Since the early 1990s Oliver has been creating projects that invite people to engage in different kinds of situations. In Scalloway Oliver invited all dog walkers to join his project, asking them to allow him to accompany them on their walks around the village while he plotted the route and talked to them about their favourite places along the way.

He took photographs of the owners with their dogs and made a map of their route, which he exhibited as part of the final event. Together the photographs and maps formed a portrait of the owner, their dog and their shared experience.

Oliver says: “I like to bring unusual things together to get people thinking about unusual objects in strange places.” And this mix is precisely what he achieved during his final event in the Scalloway Community Hall (30 August 2007).

He filled it with the project’s participants – dogs and their owners – as well as dog owners of all ages and their dogs from other parts of Shetland who, to their disappointment, hadn’t been included in the project for logistical reasons.

The Hall looked magnificent and provided the perfect backdrop for the his maps and photographs while giving ample room for strolling. At one end of the Hall, Oliver laid out a special treat for the dogs – homemade dog cookies, shaped by a cookie cutter, custom made by Christian Ahlborn, a colleague who travelled especially to Shetland to document the event.

My sense of the event fits the way Oliver describes his work generally as “a kind of performance art”, for the event worked, albeit somewhat bizarrely, as a living portrait of a dog walking ‘experience’ with all of us becoming the performers in this ‘enactment’.

I was very conscious of behaviour. Everyone, dogs included, was well behaved, happy and curious; proud to be in attendance. Some were socialising, while others were intently studying the maps and photos. The dogs altered the dynamics of our usual social experience. Everything was slightly askew – dogs led to introductions with people I might never have met. Potential frictions between dogs kept some folk at a distance.

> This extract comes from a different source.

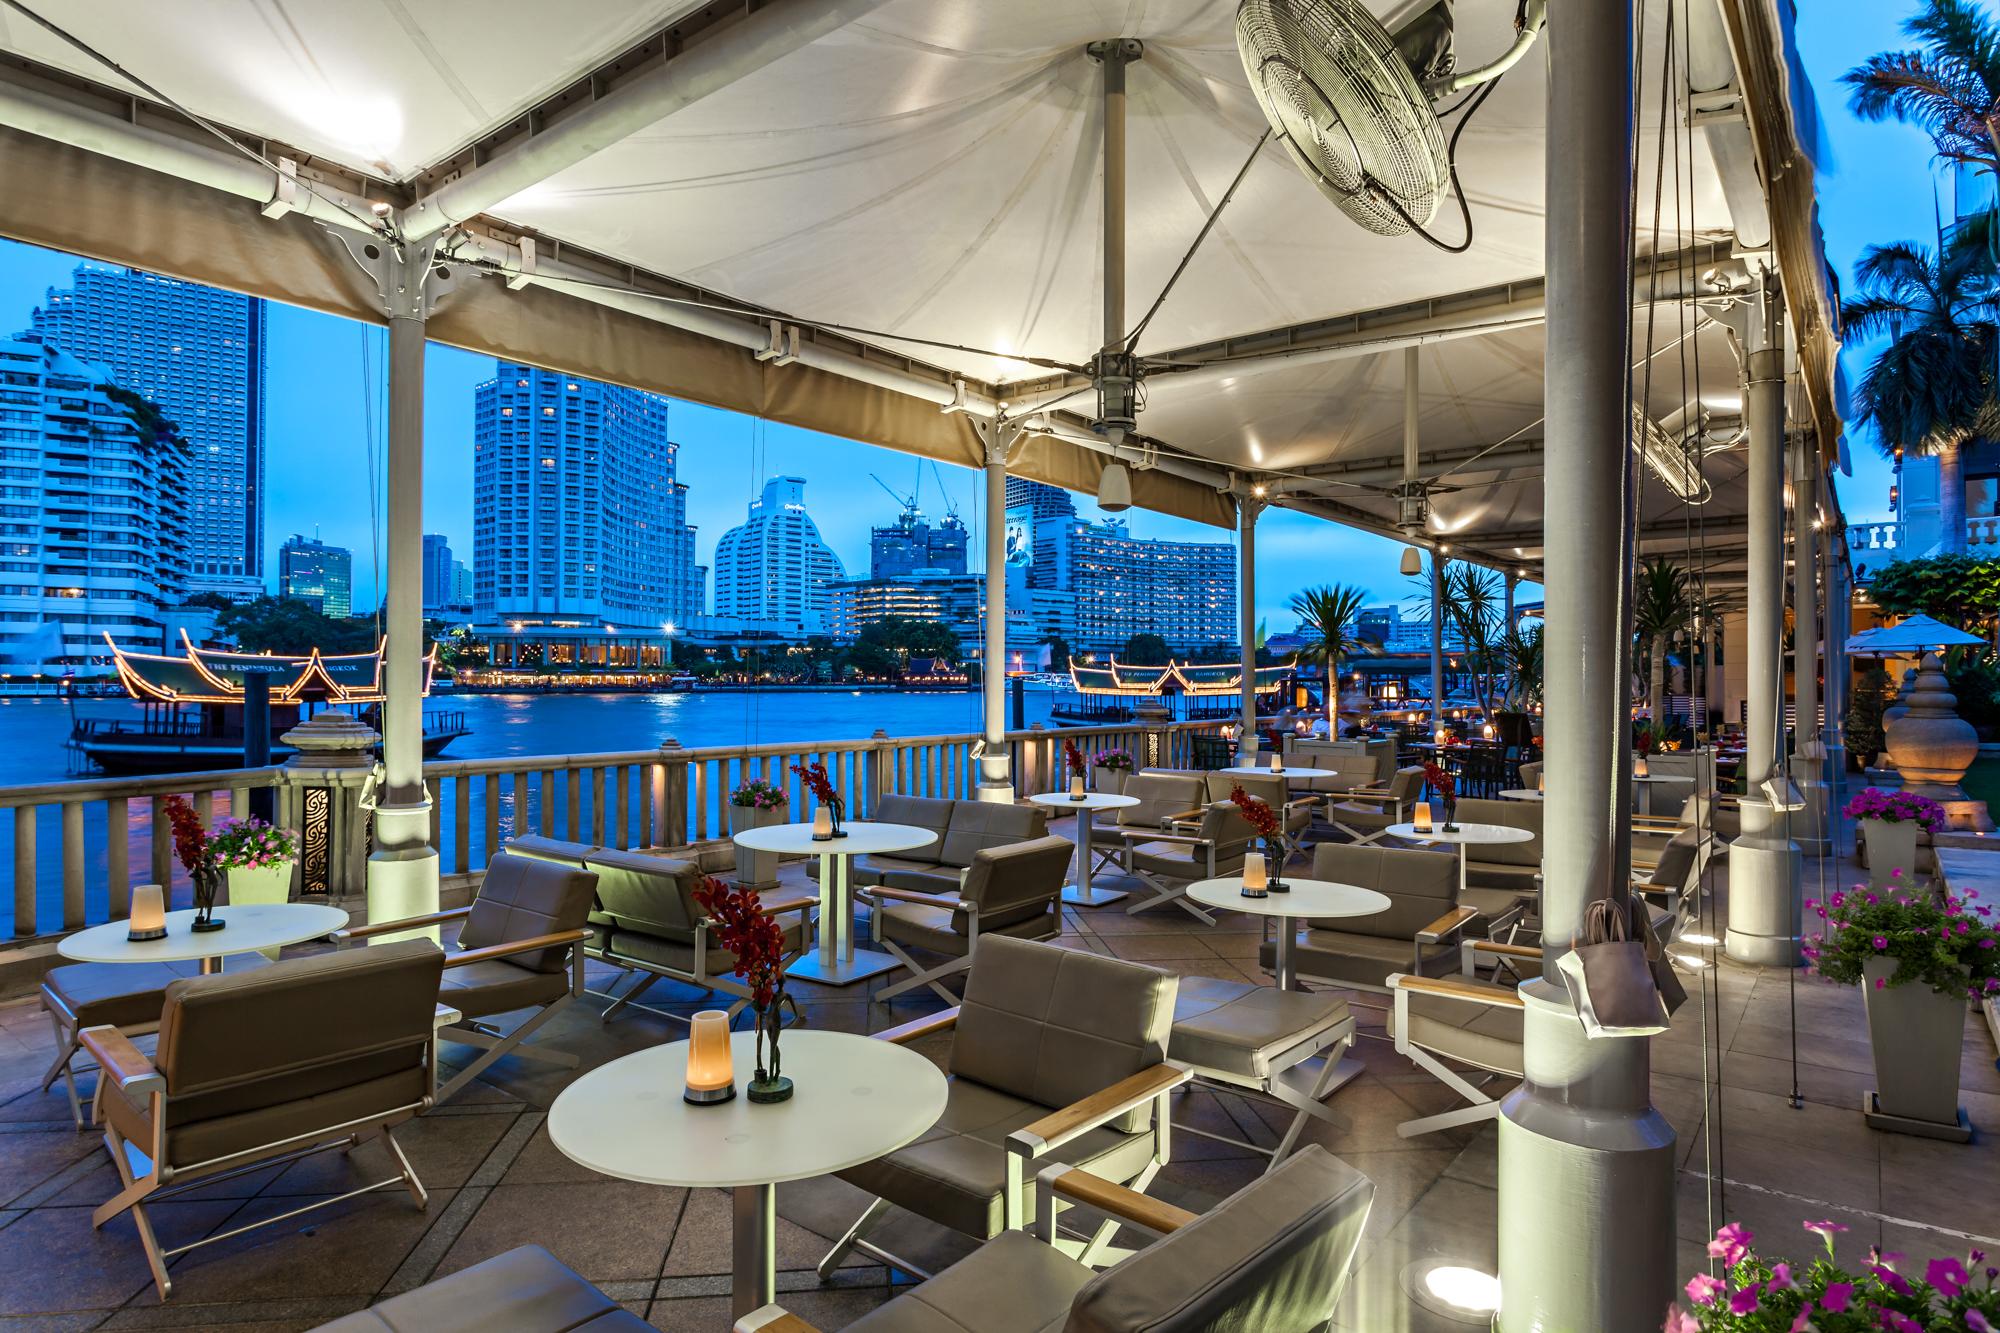 Dining room of River Café & Terrace at The Peninsula Bangkok

The maps resemble abstract drawings, although the village residents and dog-walkers easily read them as representations of their experience of walking around the village. Oliver says: “The maps depict a personal and daily activity from a fresh and unfamiliar perspective.”

He used the same scale to represent the walk on each map, so it was possible to visually compare the walks, from the ailing dog whose map was a tiny circle to one drawing that reached practically from edge to edge on the page, apparently representing over three miles a day.

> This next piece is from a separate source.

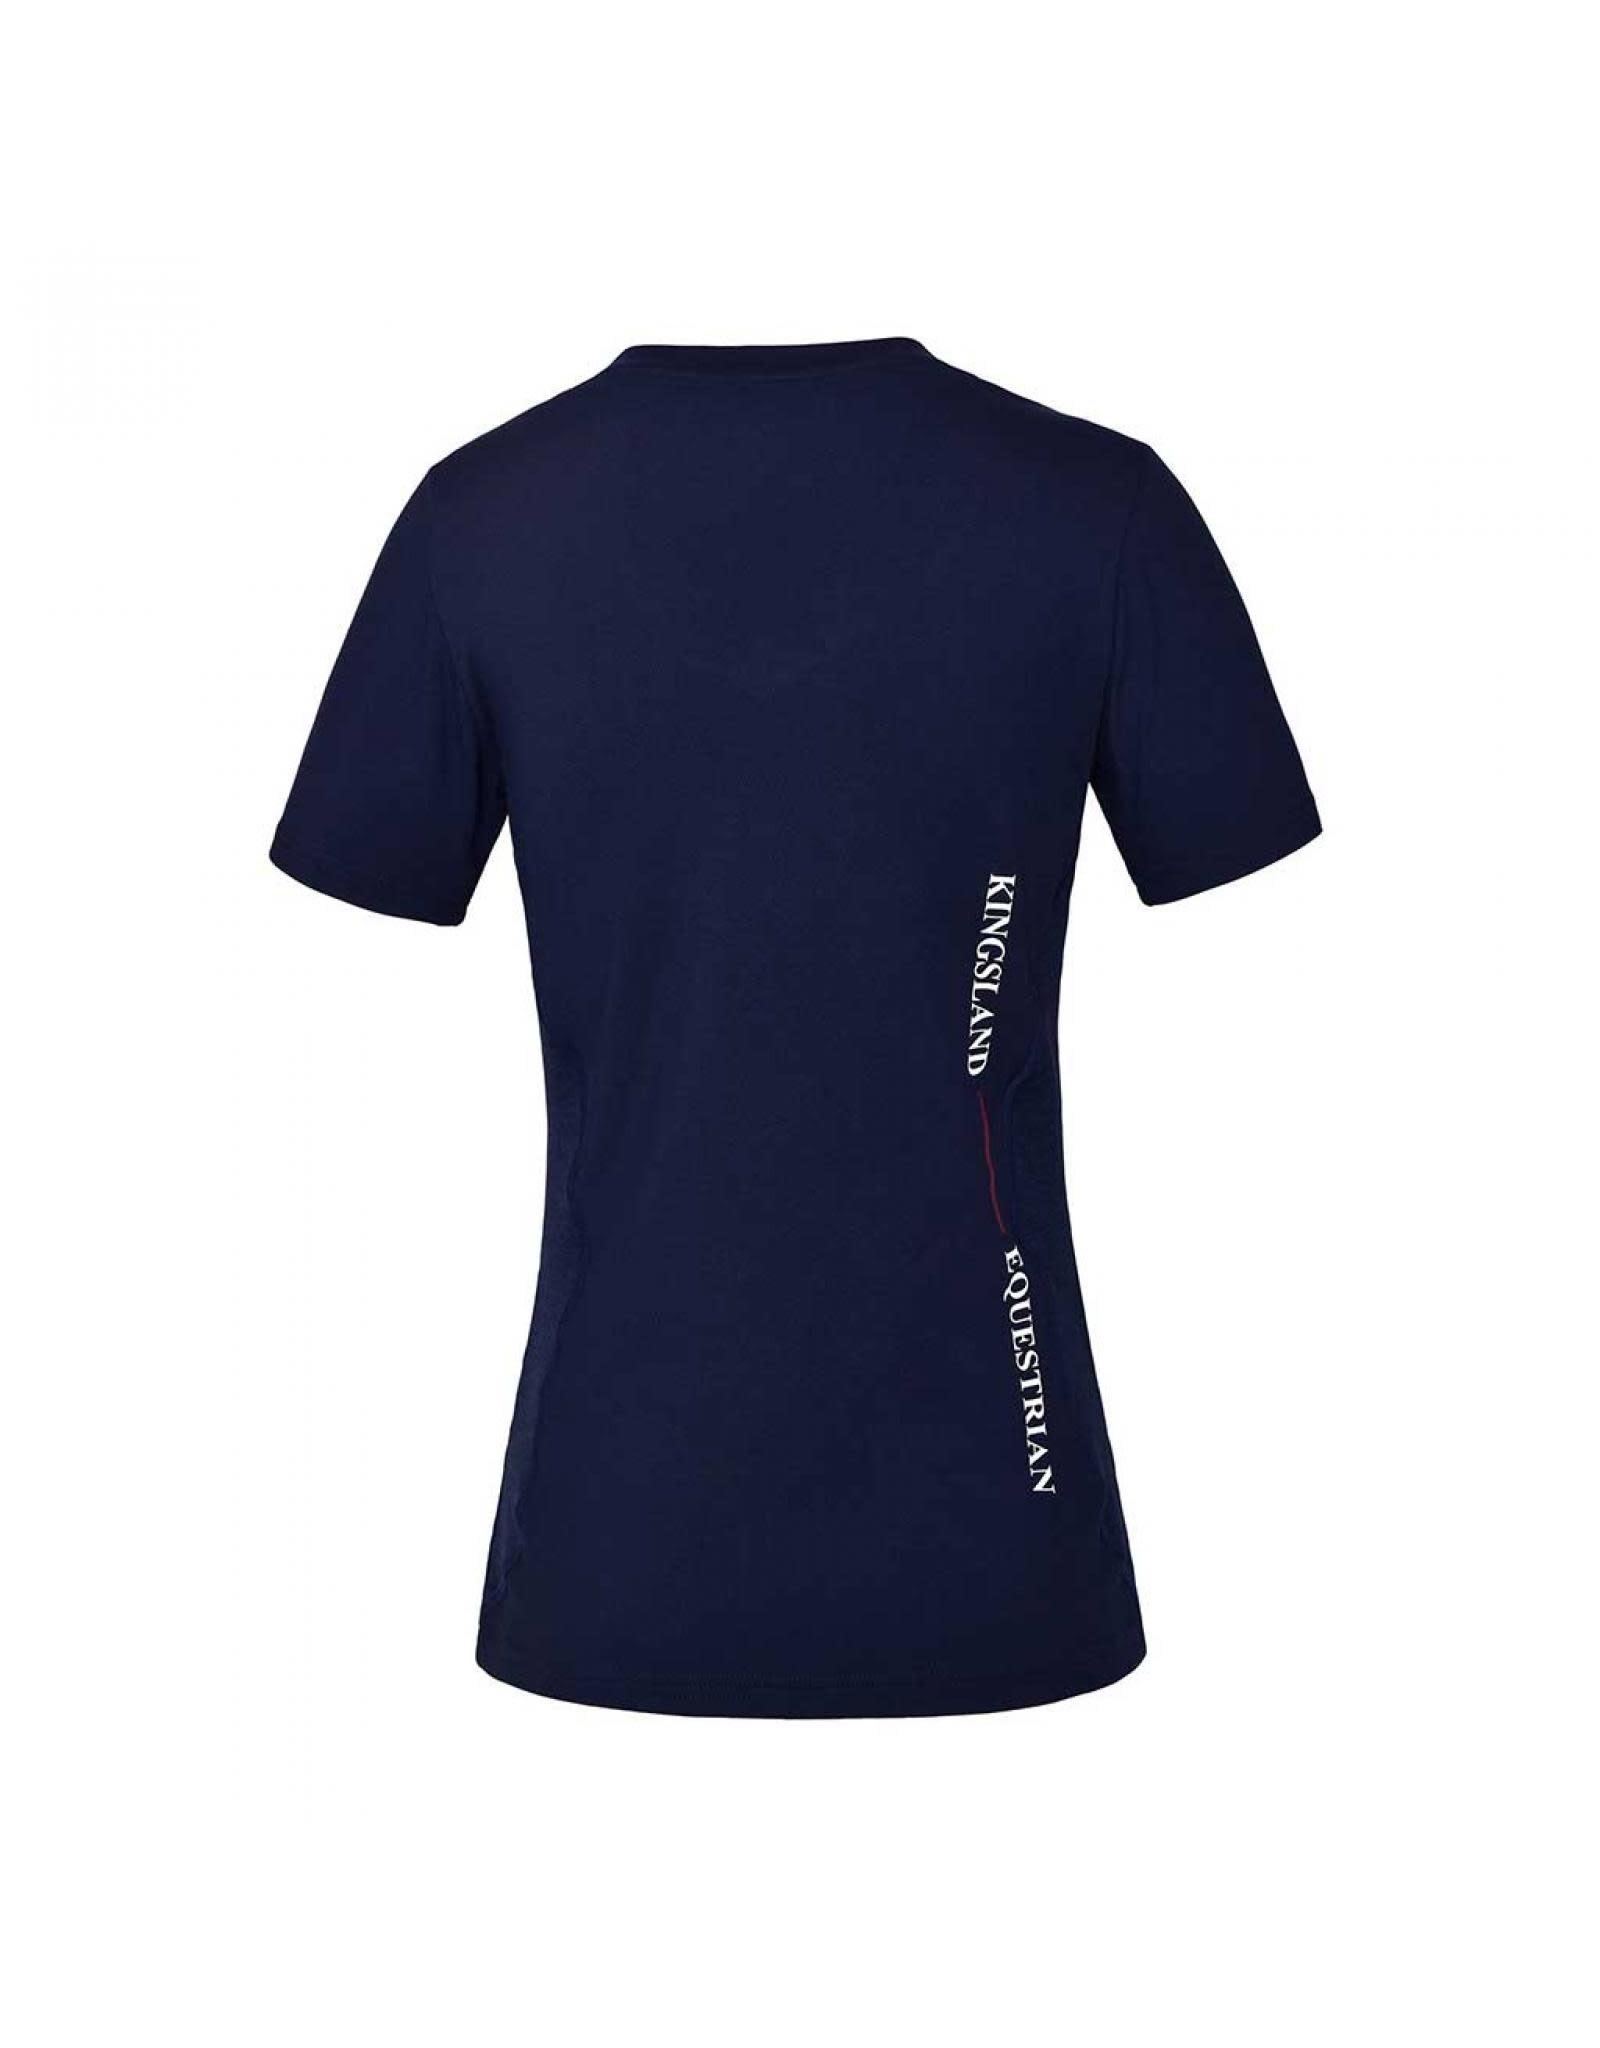 Kingsland KL Jaslyn shirt Navy

Oliver makes art that can take place anywhere and in any form provided it has meaning in relation to its place and context. It asks us to shift our expectations for art and to ascribe a different set of values to art where we include meaning and social experience alongside technique and aesthetics.

The key audience for the work – the participants and the immediate community of local residents – found clear and poignant meaning in the final event. They moved seamlessly through it, ‘making’ it as they engaged with it. Without its participatory audience, the work did not really exist, for, as soon as the Hall was emptied of its last visitors, the work was essentially finished.

Oliver’s project illustrates how the network of artists that is growing from the Scotland-Düsseldorf Exchange can help to bring innovative and exceptional work to Shetland. While Oliver is well experienced in the field of socially engaged art, nonetheless it is courageous to undertake a project that even in familiar circumstances entails a high level of risk.

This kind of work requires knowledge of the place, its people and its customs. Oliver was able to gain the necessary knowledge and insight into the Scalloway context in part from the network of artists developing with the Exchange programme.

Ultimately, though, wholehearted congratulations and thanks must go to Oliver, who has so skilfully created a project from afar that perfectly fitted his timescale as well as the logistical and conceptual dimensions of his context. It suited the village and its community flawlessly.

And last but not least, huge acknowledgement, too, must go to the dogs and dog walkers of Scalloway for the substantial part they played in the creation of this unique project. Well done and Spot On!